At times like this it may be important to keep this quote in my mind.
"There are only nine meals between mankind and anarchy."
-Alfred Henry Lewis, 1906
Human beings get very angry when they are hungry.
We are already starting to see this in various parts of the world.
In the last week there have been riots in Peru, Pakistan and Sri Lanka over inflation and food shortages.
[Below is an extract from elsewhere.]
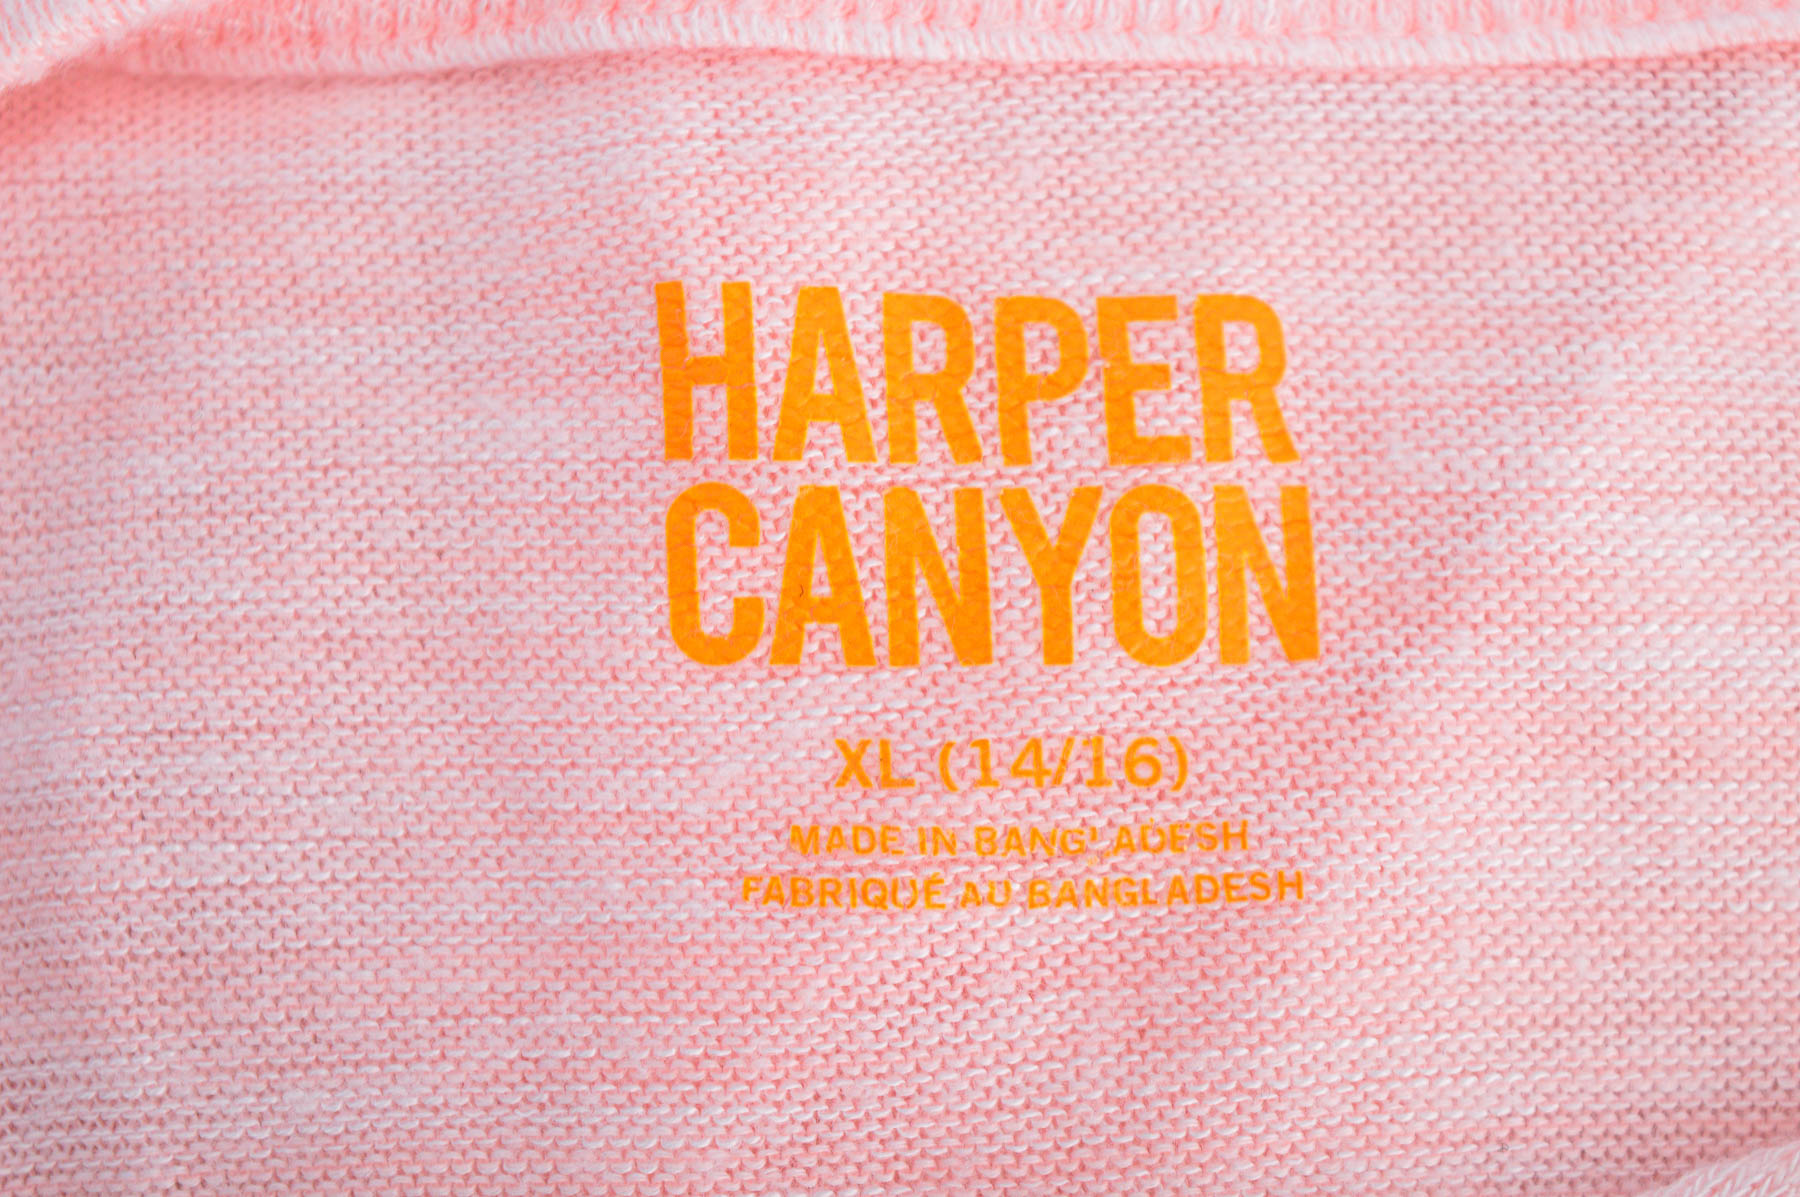 Pulover pentru fată - Harper Canyon - 2

Source: https://www.cnn.com/2022/04/09/business/food-fuel-prices-political-instability/index.html |
Unrest in Sri Lanka, Pakistan and Peru over the past week highlights the risks. In Sri Lanka, protests have erupted over shortages of gas and other basic goods. Double-digit inflation in Pakistan has eroded support for Prime Minister Imran Khan, forcing him from office. At least six people have died in recent anti-government protests in Peru sparked by rising fuel prices. But political conflict isn’t expected to be limited to these countries.“I don’t think people have felt the full impact of rising prices just yet,” said Hamish Kinnear, a Middle East and North Africa analyst at Verisk Maplecroft, a global risk consultancy.
There have also been riots in Shanghai, China as people revolt against the Covid lockdowns and food shortages.
Source: https://www.dailymail.co.uk/news/article-10702811/Shanghai-residents-revolt-Zero-Covid-lockdown-Videos-shows-mobs-looting-stores-urgent-food.html |
The 26 million people under lockdown in Shanghai have continued to complain about food shortages due to a lack of couriers to carry out deliveries and uncertainty about when lockdown curbs may end.
And desperate residents looted emergency food supply points last night according to videos shared on, and swiftly deleted from, Chinese state-censored site Weibo.
The videos also showed crowds of Shanghai residents storming stores for undelivered food parcels.
If people are willing to riot in China, which monitors almost every move their people make with cameras, drones and facial recognition software knowing they might be immediately transported to a prison with no hope of ever seeing daylight again, you know it is very, very bad.
Of course, each of these events threatens further chain reactions.
It seems to already be happening across China as others see what is going on in Shanghai.
I fear we have not seen anything yet.
Remember the quote above as events unfold.
"There are only nine meal between mankind and anarchy."
We may find out how true that is in 2022.